Coal mine tragedy: Sometimes tougher government oversight looks better in hindsight


I listened to Paul W. Smith’s show http://bit.ly/cDzJqJ on WJR Radio this morning. Smith (pictured) is a strong advocate for smaller government and less regulation. He has guest hosted for conservative talk show host Rush Limbaugh. This morning he spoke of Massey Energy, owner of the West Virginia coal mine where at least 25 miners died earlier this week after an explosion.

Curiously, he seemed in agreement with a guest who suggested it was a travesty that Massey was allowed to continue business as usual despite repeated fines and safety violations like those chronicled in this NY Times article: http://nyti.ms/dd8sor

But what would Smith’s reaction have been if environmental groups, unions or workplace safety advocates tried shutting the mine down earlier this month? My guess it would have been a theme of “fringe nutcases and government bureaucrats meddle in the free market, threaten the jobs of American workers and raise our energy prices.”

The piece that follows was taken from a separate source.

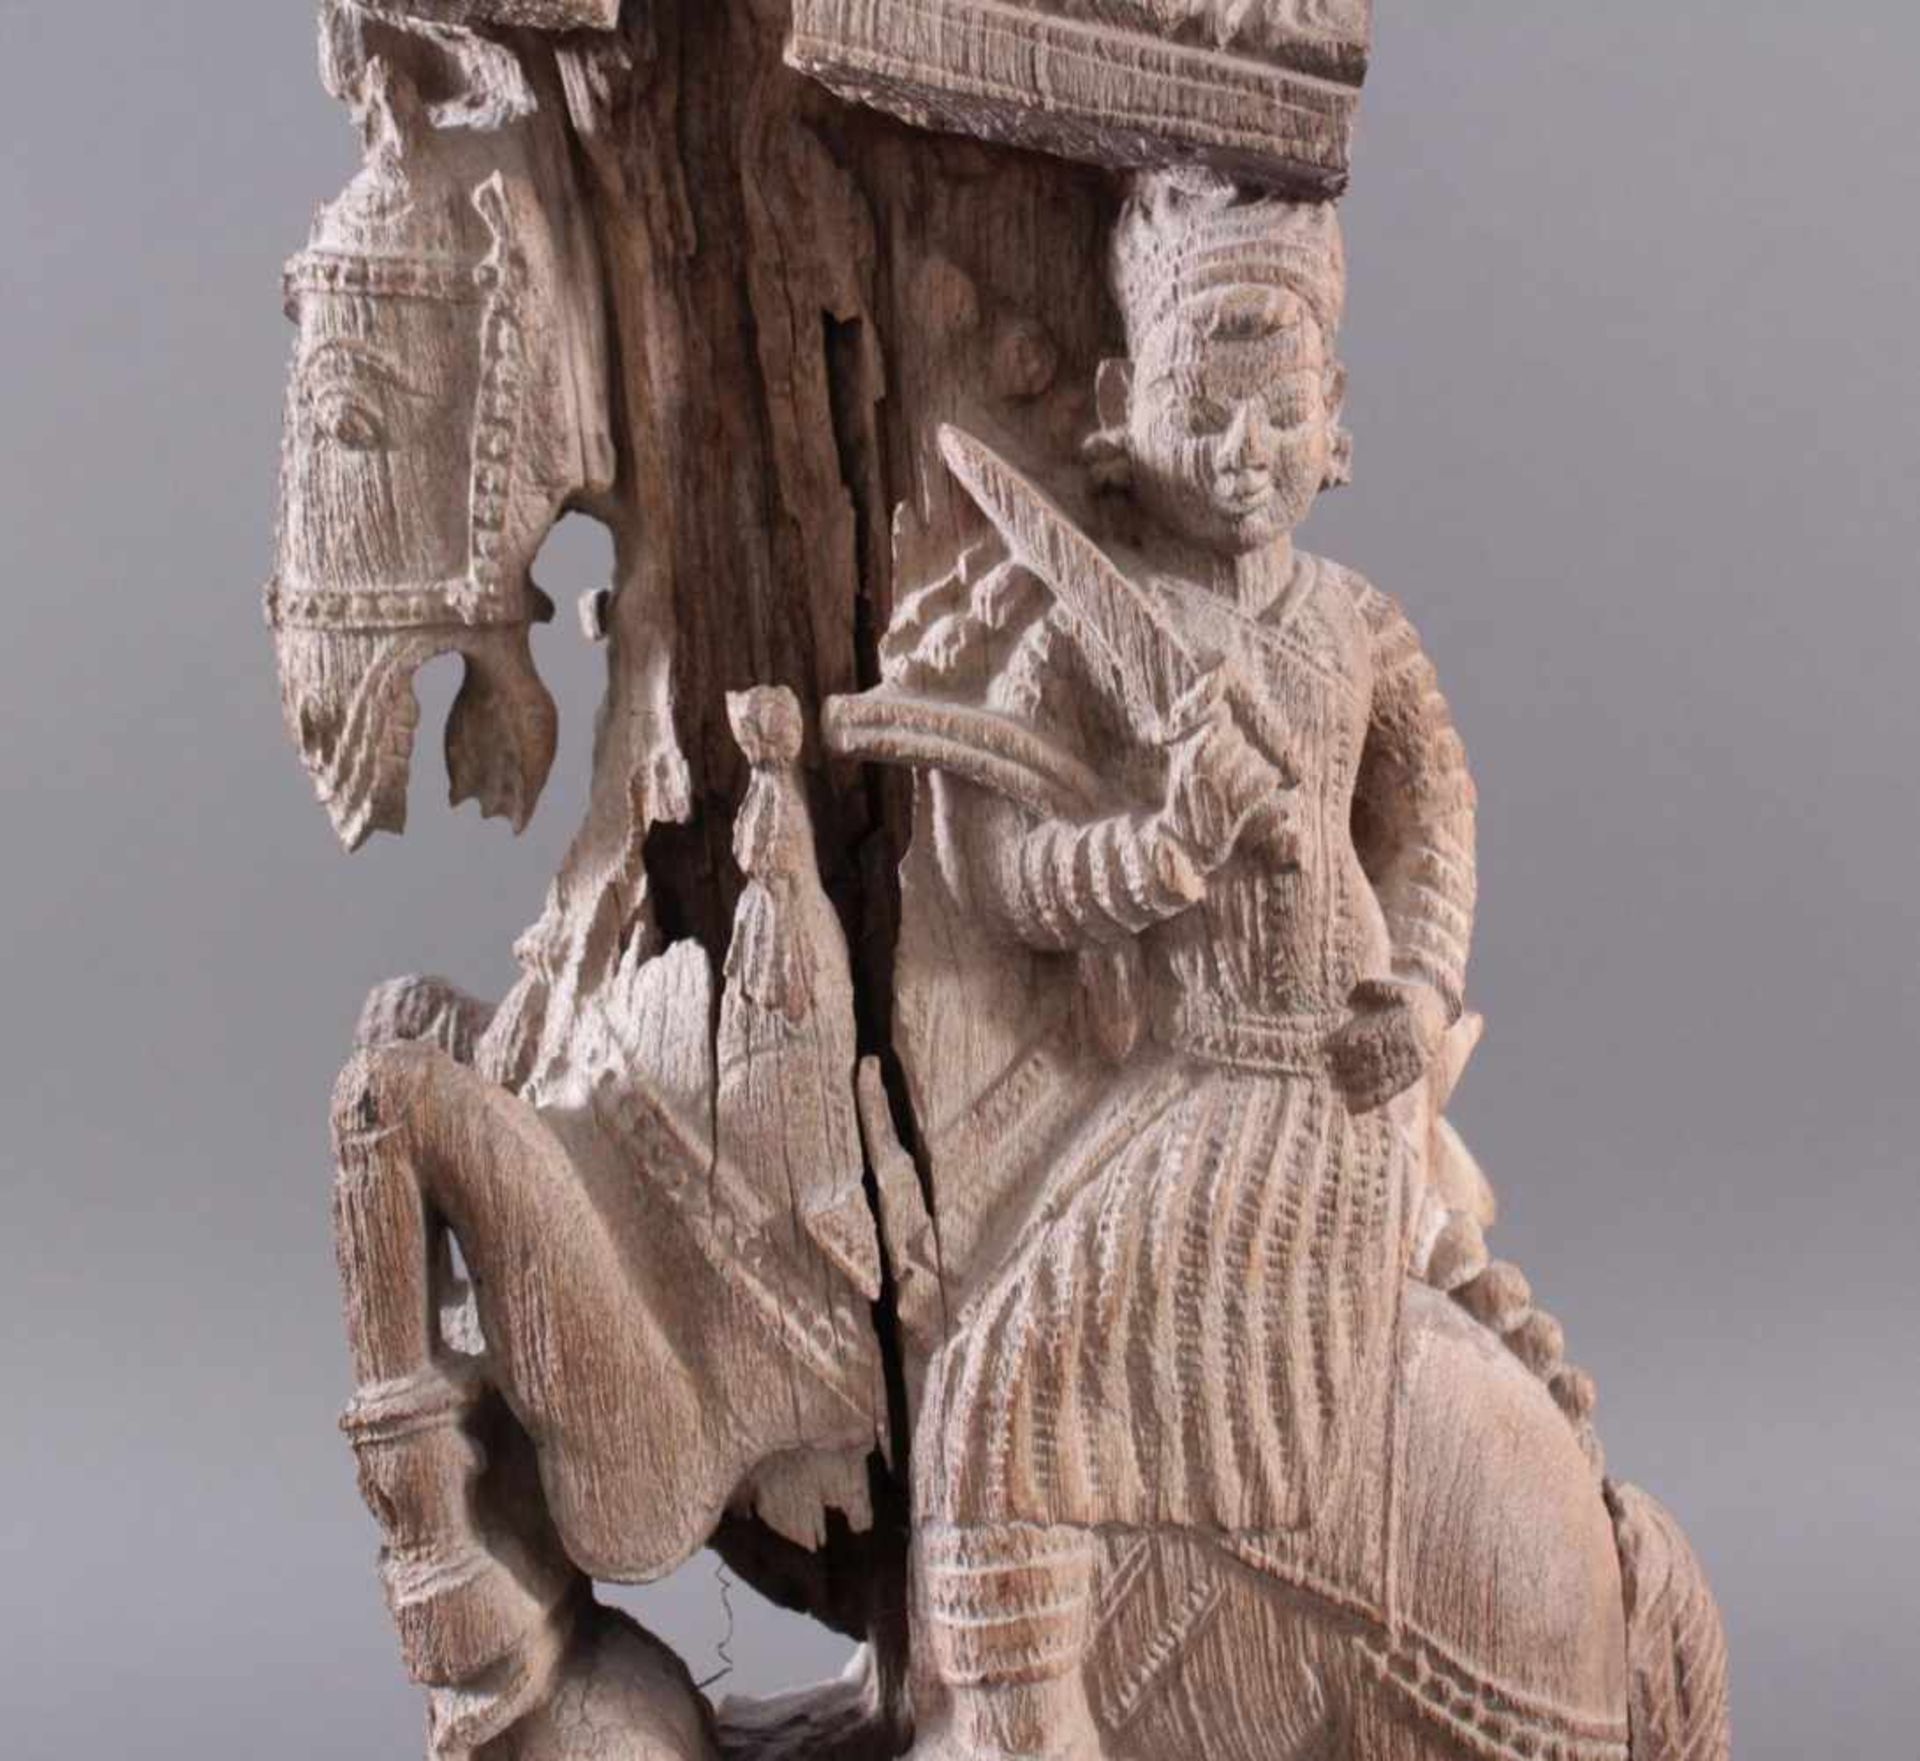 Holzplastik eines Reiters auf einem Pferd, Indien wohl Orissa 15./16. Jh. - Image 9 of 13

Sometimes the concept of more aggressive government regulation looks better in hindsight. In fact, Market Watch already suggests that the mine tragedy will result in tougher regulations nationwide: http://bit.ly/clsfea

There’s a balance to be struck between necessary regulation and the free market. Critical thinking on how to achieve that balance doesn’t play well as a knee-jerk response to a tragedy. Nor does it have a place in a political climate where nuance is punished, compromise is sin, and angry “all or nothing” philosophies are the order of the day.

Such is the case for many of Michigan’s elected officials. At the State Capitol, there is a reliable core of lawmakers whose loathing for environmental regulators – primarily the state’s Department of Natural Resources and the Environment – is palpable. They are unwilling to do the work necessary to distinguish good laws from bad, or reasonable enforcement from unreasonable. For them, any environmental regulation is bad. And any enforcement action is heavy-handed.

Sometimes stronger rules or more zealous enforcement by government regulators are not necessary.

As recent events demonstrate, sometimes they are.